Victoria, Princess Royal and eldest daughter of Queen Victoria was the last British royal to be passed over for the throne in favour of a younger brother
Most people look to the Empress Matilda, the daughter of Henry I who came close to ruling England after her father's death in 1135. But she wasn't the first girl to be overlooked for the crown since the Conquest. All of William I's daughters saw the throne pass to a younger brother. There is some dispute over the number of daughters born to the Conqueror and his wife, with most going for six but some arguing for five or even four. But as it's generally believed that the couple's last child was Henry, later the first king of England to bear that name, that means that all of the girls they had missed out on being queen because the crown passed to kings.
Matilda of Flanders was proud of her royal heritage but all of her daughters were passed over for the throne of England - as was her first born son
Their eldest daughter, Cecilia, was the one who lost out the most. She was born around 1056 when there were already two little boys in the nursery of the Norman duke. But neither became king and the crown passed to two brothers who were born after Cecilia. She became a nun, entering the Abbey of Caen at a young age and becoming the Abbess of the convent of the Holy Trinity in Normandy in 1112. She died in 1127 when her littlest little brother, Henry, was well into his reign as King of England. Cecilia holds the honour of being the first woman to be passed over for a man in the line of succession since the Conquest. But without her own words to tell us, whether she wanted the crown and regretted seeing her brothers take it is lost to history.
Cecilia of Normandy, the first woman to lose the post Conquest Crown of England to a baby brother
One of her sisters, according to some tellings of the Conqueror's story, came very close to being queen consort of England. There is no definite date of birth for Adeliza of Normandy (and some historians put her at the top of the list of the Conqueror's daughters) but she was definitely older than both of her brothers who inherited the throne of England, William and Henry. She is said, by some sources, to have been promised as a wife to Harold Godwineson. Oderic Vitalis said that the two were bethrothed and that after the death of Harold, Adeliza or Adelis remained unmarried. Another sister, Matilda, is thought to have been born around 1061 and died around 1086 before her father, meaning that she could never have inherited his throne. But Adela and Constance could.

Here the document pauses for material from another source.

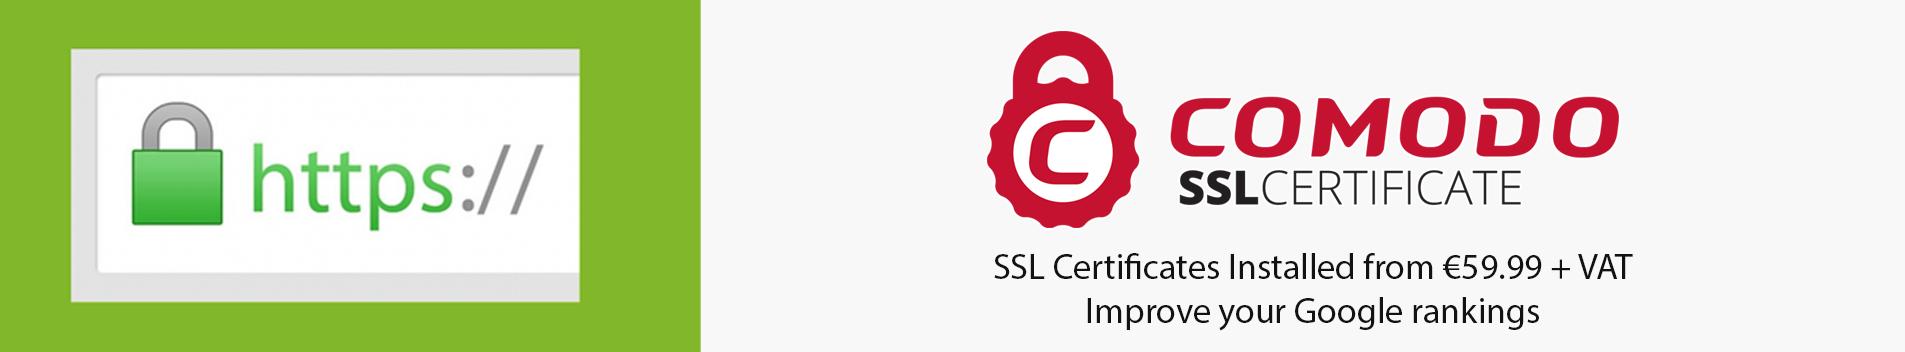 ssl certificate dublin

Adela of Normandy, mother of a king of England, lost out on being queen regnant to her younger brother, Henry
Constance was definitely born in Normandy, while her father was still just a duke, but probably after the disputes that would lead to his conquest of England had begun. Her date of birth is put at some point between 1057 and 1061 meaning only one of the Conqueror's kingly sons, Henry, was her junior. But according to some historians she was the most talented of William and Matilda's daughters. She certainly made a good marriage - on paper, the best of any of the Conqueror's children in his lifetime. Her husband was Alan IV, Duke of Brittany was one of her father's great rivals while he was Duke of Normandy. Once he became King of England, he sought to neutralize Alan's influence by making him his son in law. Constance married the Duke of Brittany in 1087 just before her father died. With his power behind her, she had enough supporters to argue a case for being queen but her early death in 1090, possibly through poison, ended any ambitions she may or may not have had.

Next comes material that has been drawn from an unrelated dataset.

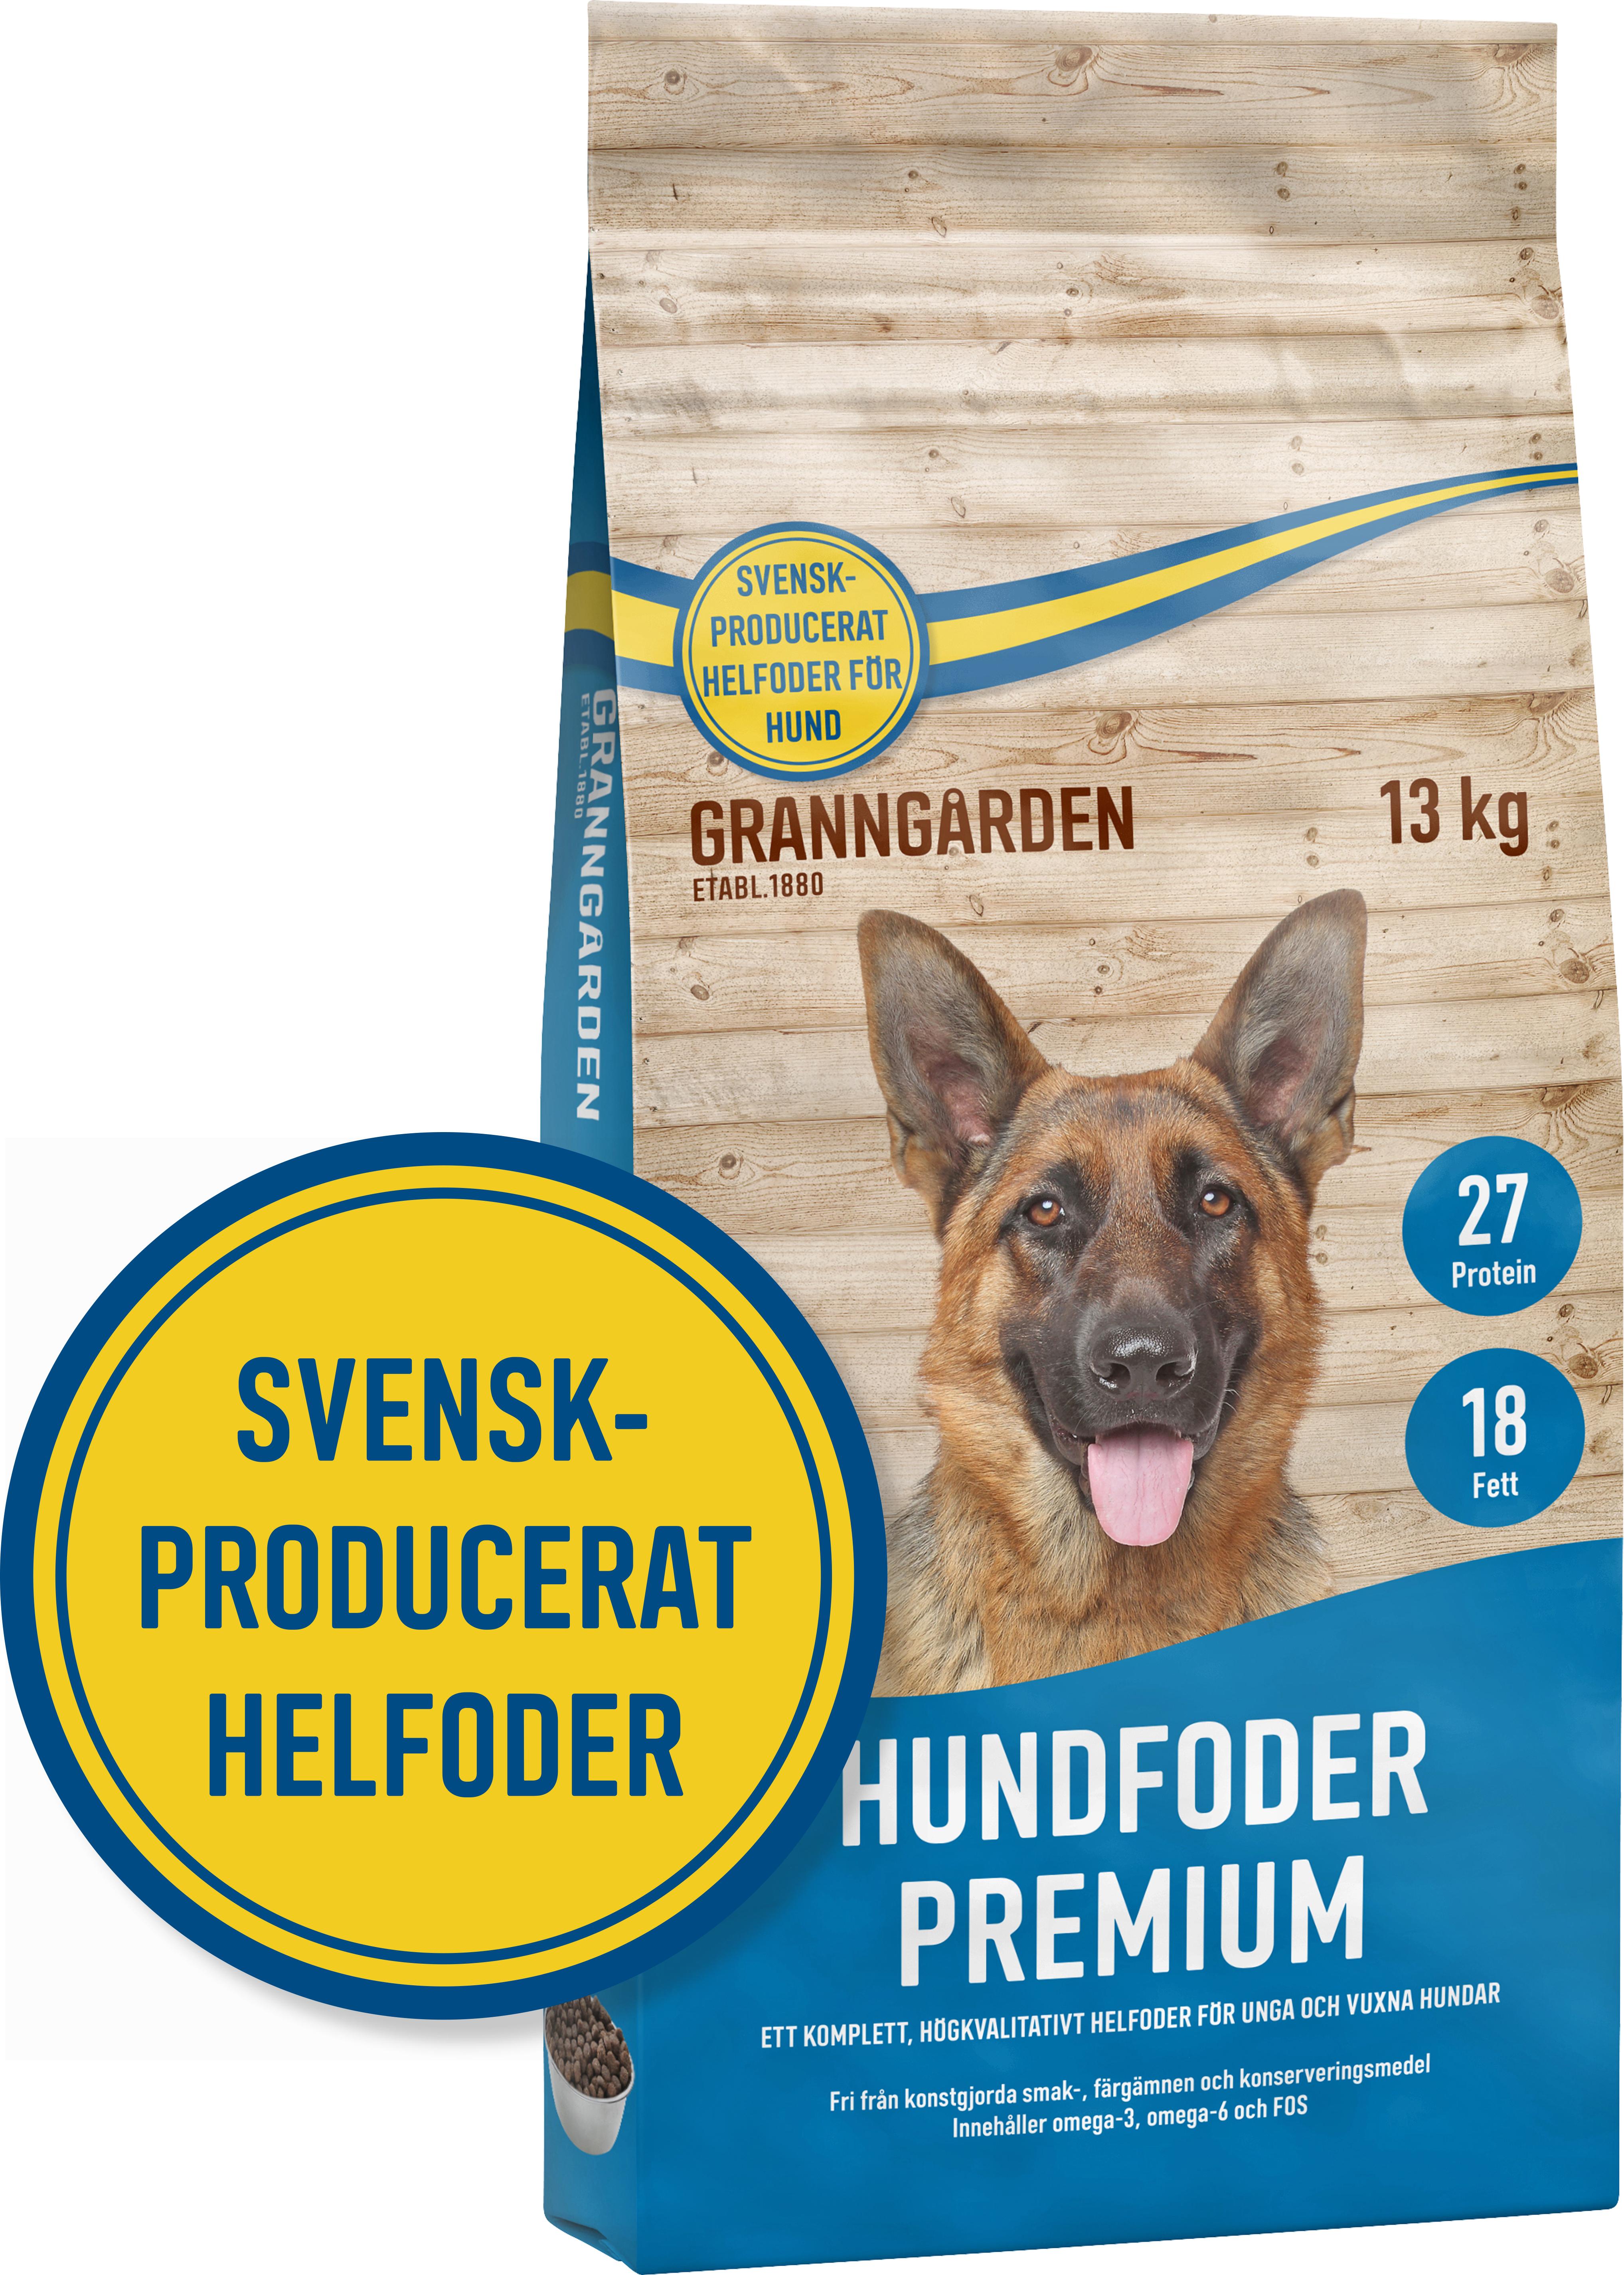 Hundfoder Granngården Premium, 13 kg

Constance of Normandy, Duchess of Brittany, and reputed to be the most talented and admired of the Conqueror's daughters
Adela was one of the youngest of William and Matilda's children with possibly only baby Henry below her in the pecking order of the royal nursery. But whatever they played at as they grew up, it must have involved ambition and determination in spades because while Henry was ruling England, his nearest sister was raising a family who would one day snatch his throne. By the time Henry I took the crown of his father's conquered country, Adela was the Countess of Blois and living in northern Europe with her much older husband and a growing brood of children - many of them sons. When Henry lost his only legitimate male heir in 1120 in the White Ship disaster, his sister mourned with him as she, too, lost a child. Her daughter, Lucia-Mahut, perished but Adela s son, Stephen, survived having changed his mind about sailing on the boat just hours before the journey was due to begin. When Henry asked his nobles to swear allegiance to his one, surviving legitimate child, Matilda, as his reign drew to a close, Stephen was keen to be among the first to make the promise. And yet on Henry's death, Stephen claimed his throne.
Stephen of Blois, son of Adela, who became King of England in 1135
And yet there was never any question of his mother claiming the throne, even though her claim was stronger than his. Stephen was ruler of England partly because he was a man. He put aside several women with better claims to wear the crown. And there's no doubt Adela's claim was strong. A new monarchy can, to a certain extent, make its own rules and her brother's willingness to ask his nobles to promise obedience to his daughter shows that the idea of a female regnant wasn't totally discounted. In that sense, Adela was the unluckiest of the Conqueror's daughters. She lost the throne twice, once to a younger brother and once to her son. There was another daughter, Agatha, who despite some claims that she is a fiction does seem to have existed but to have died relatively young. And she joins her sisters in the claim to be England's first missing queens.